> **Your assignment**:
Taking only the lines of the data below from the line with "La superstar brésilienne" to the line with "Ein Glas hausgemachter", ends included, write them out exactly and without pictures.

> **Excerpted data**:
++++++++++

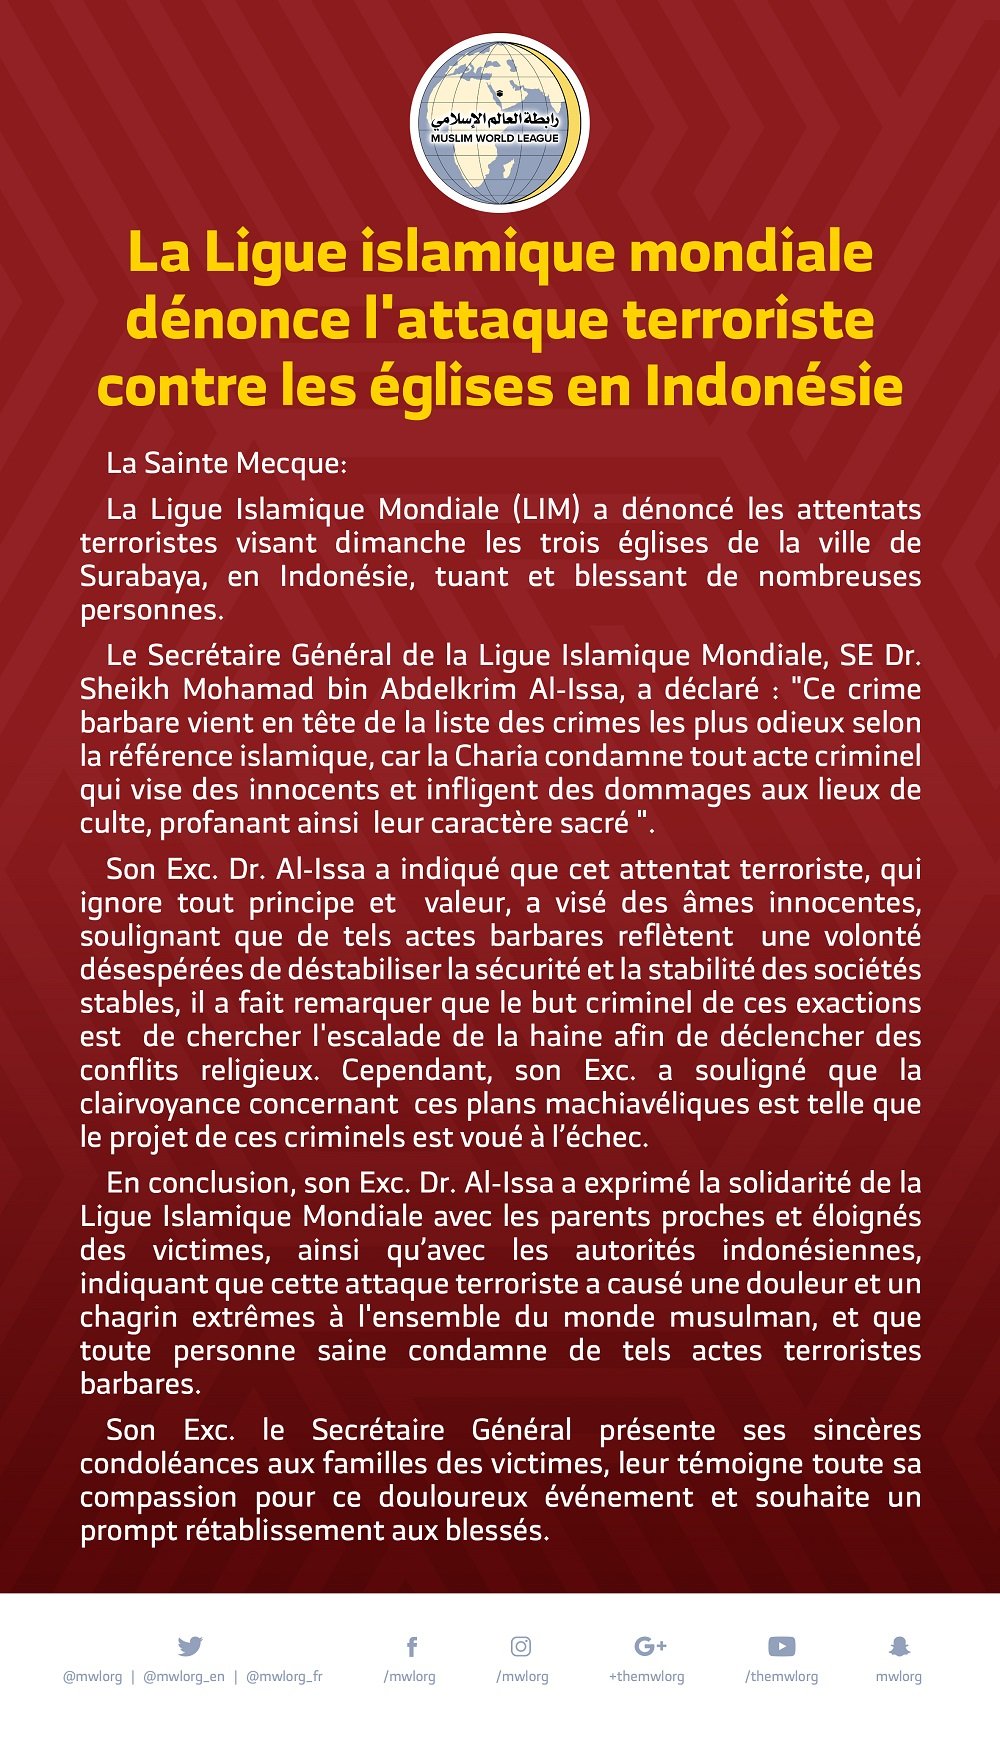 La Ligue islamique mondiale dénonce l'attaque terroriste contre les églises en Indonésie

++++++++++

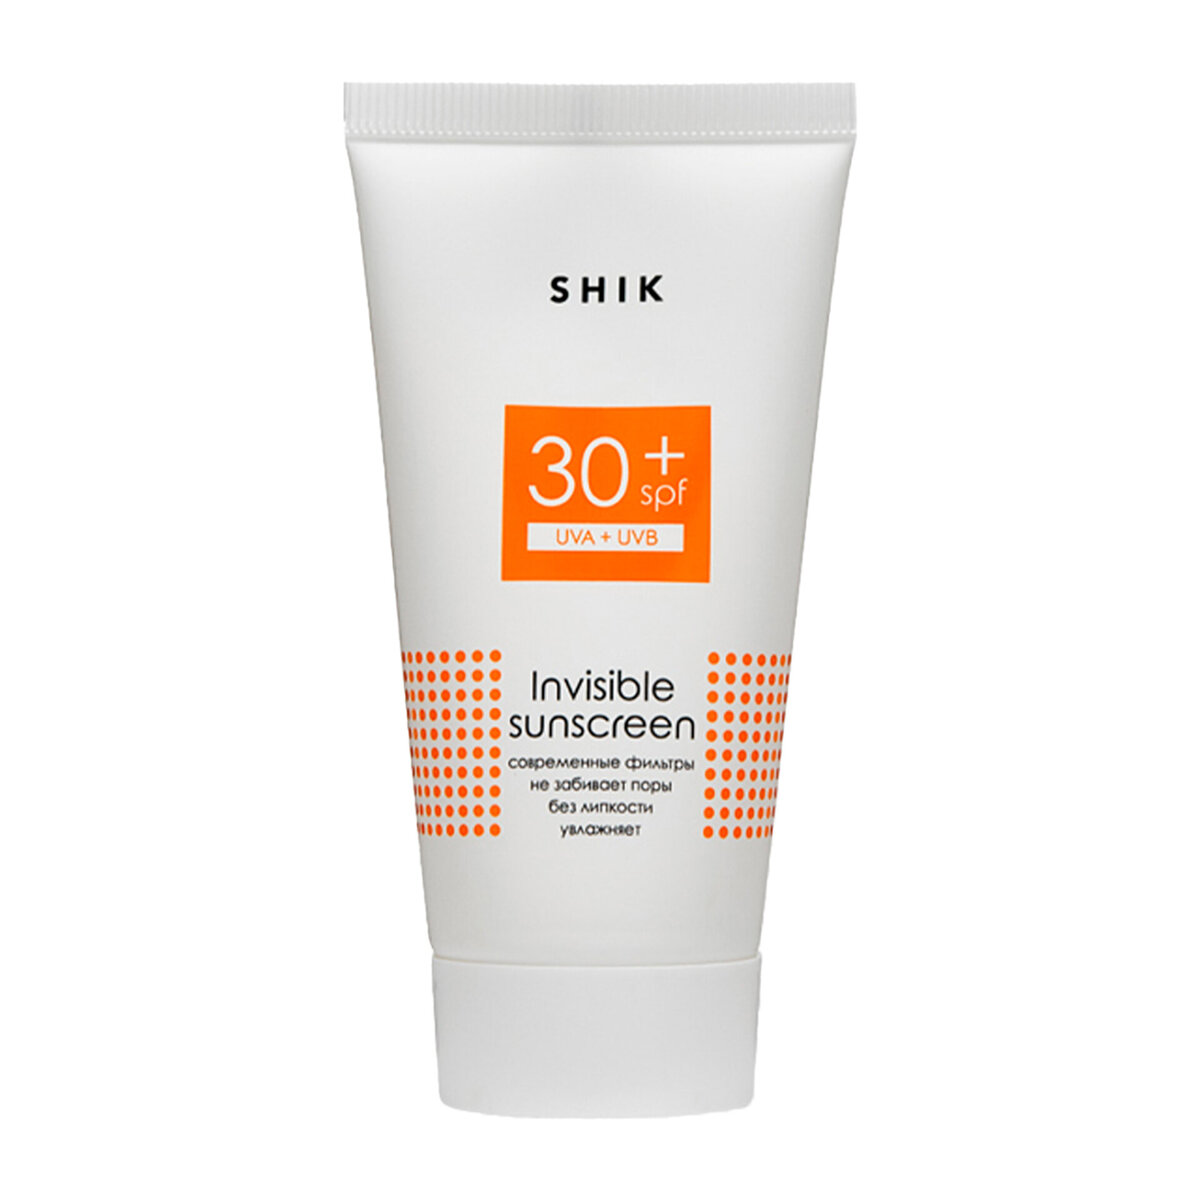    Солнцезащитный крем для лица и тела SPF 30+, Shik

++++++++++

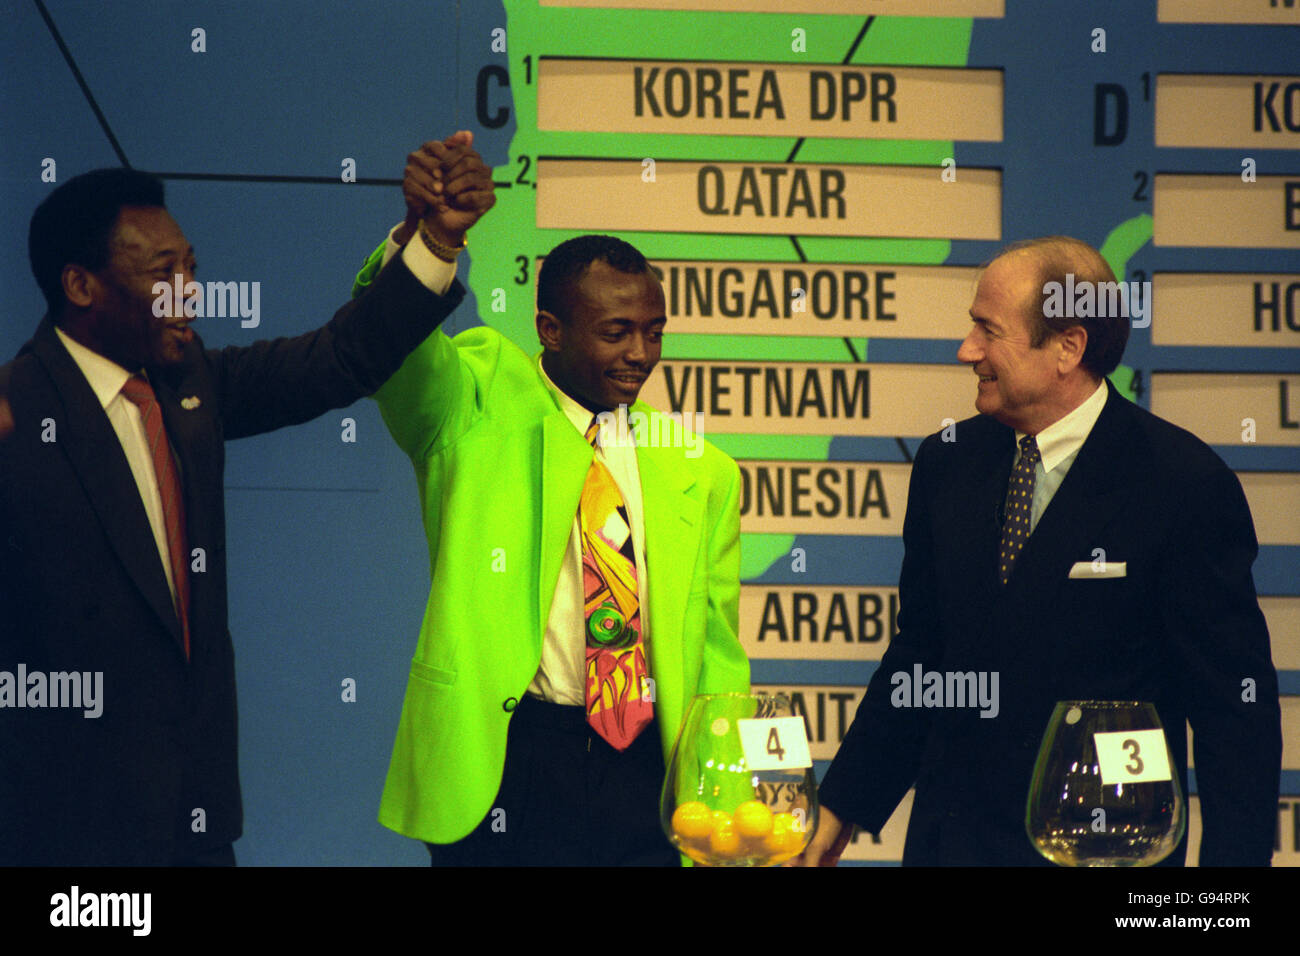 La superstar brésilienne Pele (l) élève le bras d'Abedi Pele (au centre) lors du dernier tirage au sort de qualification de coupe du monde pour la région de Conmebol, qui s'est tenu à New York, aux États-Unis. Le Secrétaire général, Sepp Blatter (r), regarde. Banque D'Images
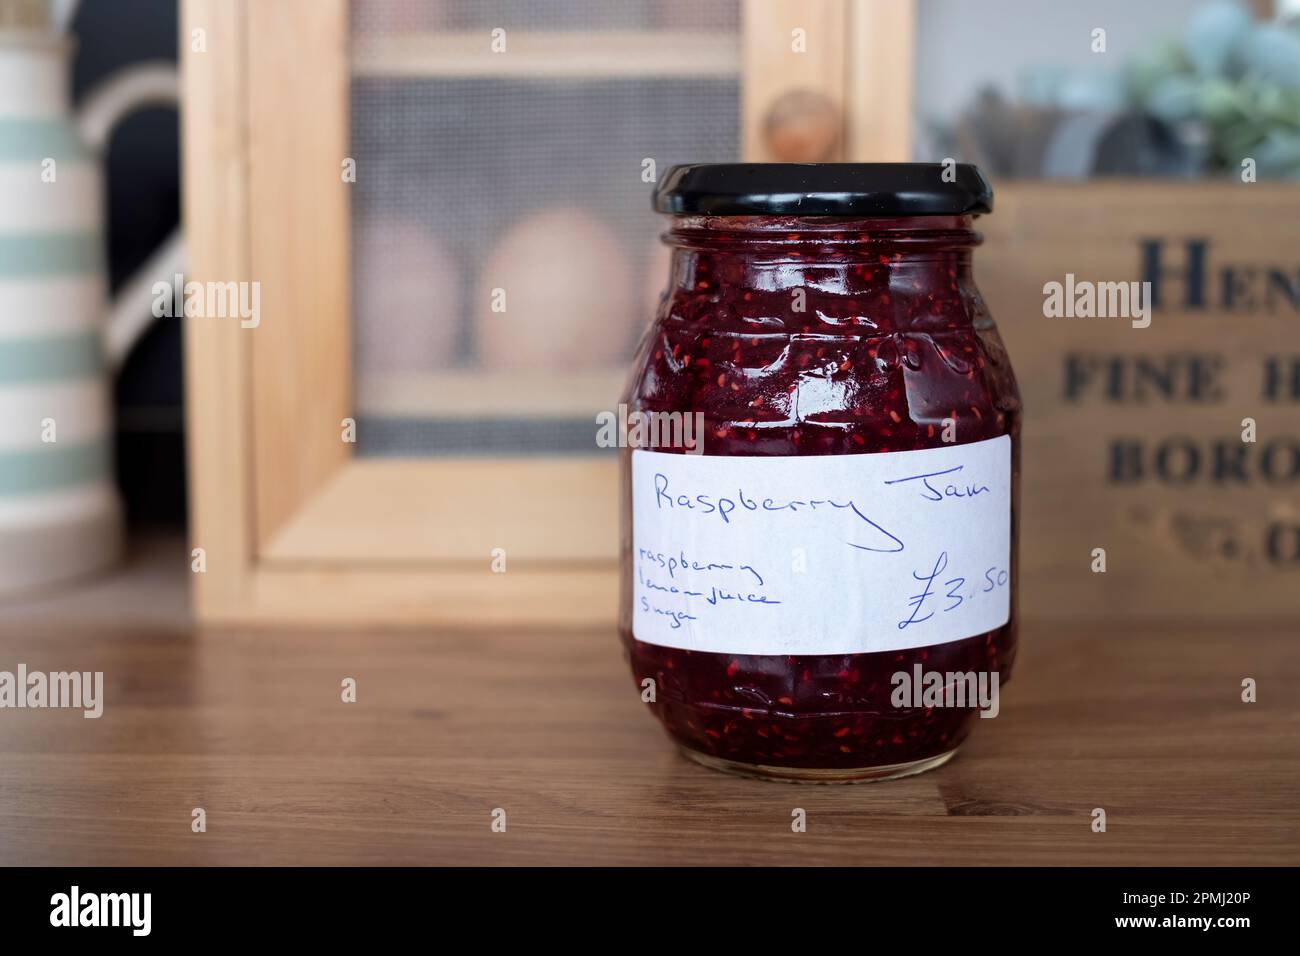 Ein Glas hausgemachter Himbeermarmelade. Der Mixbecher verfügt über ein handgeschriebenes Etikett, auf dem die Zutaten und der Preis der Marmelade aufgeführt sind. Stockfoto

++++++++++

> **Final answer**:
 La superstar brésilienne Pele (l) élève le bras d'Abedi Pele (au centre) lors du dernier tirage au sort de qualification de coupe du monde pour la région de Conmebol, qui s'est tenu à New York, aux États-Unis. Le Secrétaire général, Sepp Blatter (r), regarde. Banque D'Images
 Ein Glas hausgemachter Himbeermarmelade. Der Mixbecher verfügt über ein handgeschriebenes Etikett, auf dem die Zutaten und der Preis der Marmelade aufgeführt sind. Stockfoto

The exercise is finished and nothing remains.